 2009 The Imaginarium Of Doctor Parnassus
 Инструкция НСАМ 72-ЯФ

* * *

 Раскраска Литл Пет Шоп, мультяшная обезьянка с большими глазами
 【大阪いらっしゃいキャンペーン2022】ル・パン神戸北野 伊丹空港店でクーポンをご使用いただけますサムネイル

* * *

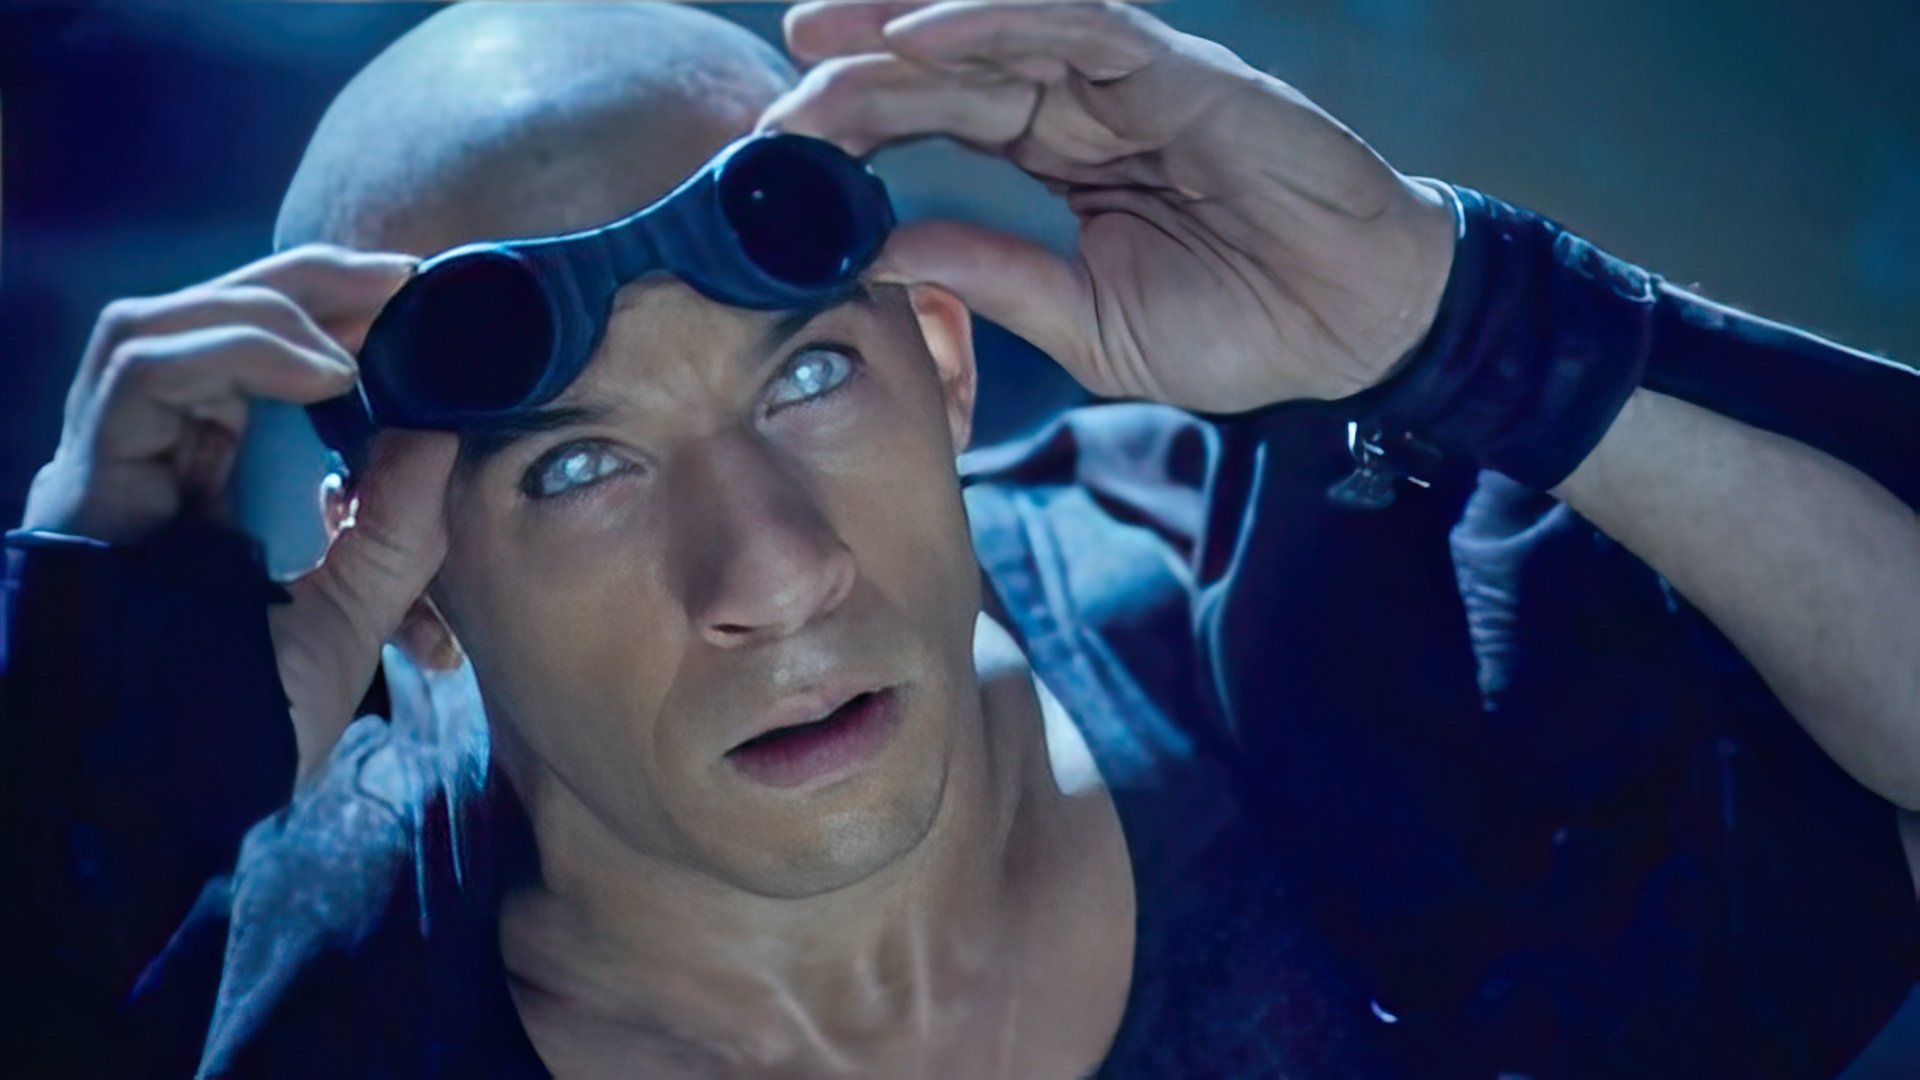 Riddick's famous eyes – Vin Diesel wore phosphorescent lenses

**Task**
Give again, word for word, every line of the listing above from the one with "2009 The Imaginarium Of Doctor Parnassus" to the one with "Инструкция НСАМ 72-ЯФ", both inclusive, and nothing beyond them.

**Final answer**
 2009 The Imaginarium Of Doctor Parnassus
 Инструкция НСАМ 72-ЯФ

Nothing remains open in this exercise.